张肖阳
女性与饮用水:当代性别研究的新课题
张肖阳
饮用水危机是当今世界所面临的一个严峻的挑战,不仅关系到全球化、社会公正和科学技术的发展,而且关系到公共健康和人类的生存。女性,尤其是发展中国家的贫困女性一直是饮用水危机的直接受害者。女性与饮用水已成为当代性别研究的一个重要课题。饮用水不仅承载着人类文明发展的历史,还反映出社会制度建构和政策制定的现实,并影响着人类社会进步的未来。
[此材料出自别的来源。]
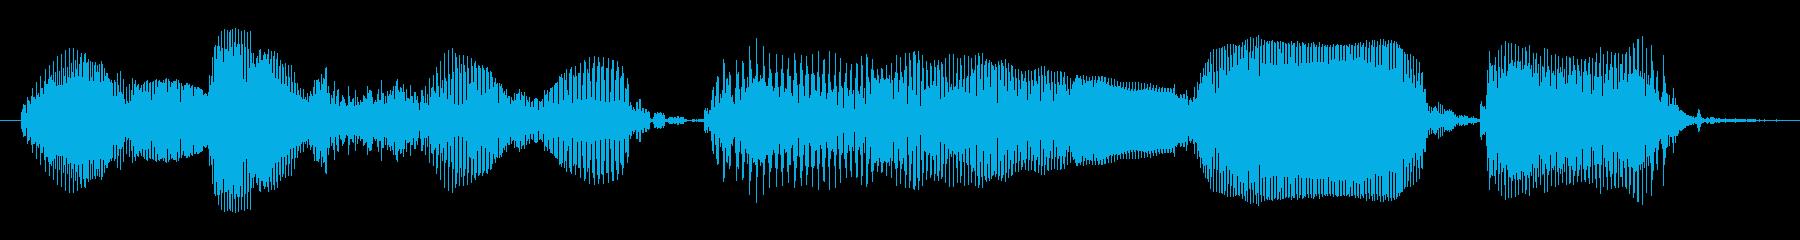 今すぐダウンロード (落ち着いた声)の再生済みの波形
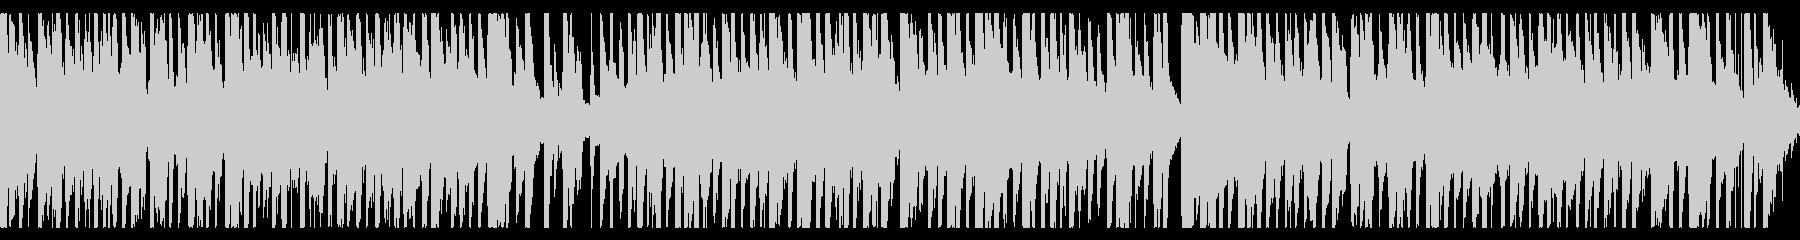 民族風哀愁漂うコミカルBGM(loop)の未再生の波形

毫无疑问,在伦理视域内,以饮用水为媒介来进行性别研究,能够为建设一个平等和公正的未来世界开启新的思路和开辟新的途径。
饮用水;女性;性别研究
饮用水危机是当今世界所面临的一个严峻的挑战,不仅关系到全球化、社会公正和科学技术的发展,更关系到公共健康和人类的生存。饮用水也把握着人类的未来,对于人类来说,最大的威胁并不是气候变化、艾滋病或者战争,不安全饮用水是世界唯一最大的谋杀者。目前,大约有一半的发展中国家的人正在由于水污染而患病。女性,尤其是发展中国家的贫困女性一直是饮用水危机的直接受害者。从全球范围来看,每位女性都可能面临着由于缺乏安全饮用水而导致致命疾病的威胁。因而,女性与饮用水已成为当代性别研究的一个重要课题,本文试图结合一些相关社会学数据和伦理学理论对这一问题进行初步的探讨,以期起到抛砖引玉的作用。
“饮用水可以是一个形容词,呈现出这一透明液体的许多特性。这种水有一种特有的活力性质。它不是海洋中的水,也不是洗碗水和沼泽水,而是一种能喝的水——足以安全地饮用而不至于患病。”[1]9-10如果这种水是为了饮用而存在,人们便可以提出一系列问题:“谁要饮水?”“他们何时饮水?”以及“他们到哪里去饮水?”作为一种稀有的资源,水的获得是一种权力。谁能获得饮用水,谁不能获得饮用水——这一冲突从古延续至今。
令人遗憾的是,干旱缺水依旧是当今社会的一个世界性问题。根据联合国相关组织的估算:到2025年,世界将有三分之二的人口缺乏饮用水,到2050年,全球用水需求将提高40%,目前,有25亿人缺乏足够的卫生设施,健康受到威胁。水资源紧张还可能引发地区局势紧张和冲突。[2]同时,水质下降也会加剧饮用水供需关系的不平衡。由于水资源的匮乏,各国和整个世界对于饮用水的争夺,甚至战争也会不断地升级。而毫无疑问的是,女性和儿童将是这些饮用水危机及其由此而来的一系列灾难的直接受害者,而且这一局面今天已经在一些发展中国家成为事实。根据印度国家抽样办公室发布的数据,印度经济的增长不仅没有为女性带来更多的福利,反而使她们面临更严重的饮用水危机。由于地下水的过度开采,印度农村地区的饮用水愈发地匮乏。2012年,每两位农村女性中就有一人平均要走173公里去取水,这比2008年到2009年的数字多出25公里。这意味着2012年,印度大约有54%的农村女性不得不每天徒步200米至5公里不等去取水。在每两位农村女性中,就有一人每年要花费210个小时去取水,而无法利用这一时间从事其他活动。[3]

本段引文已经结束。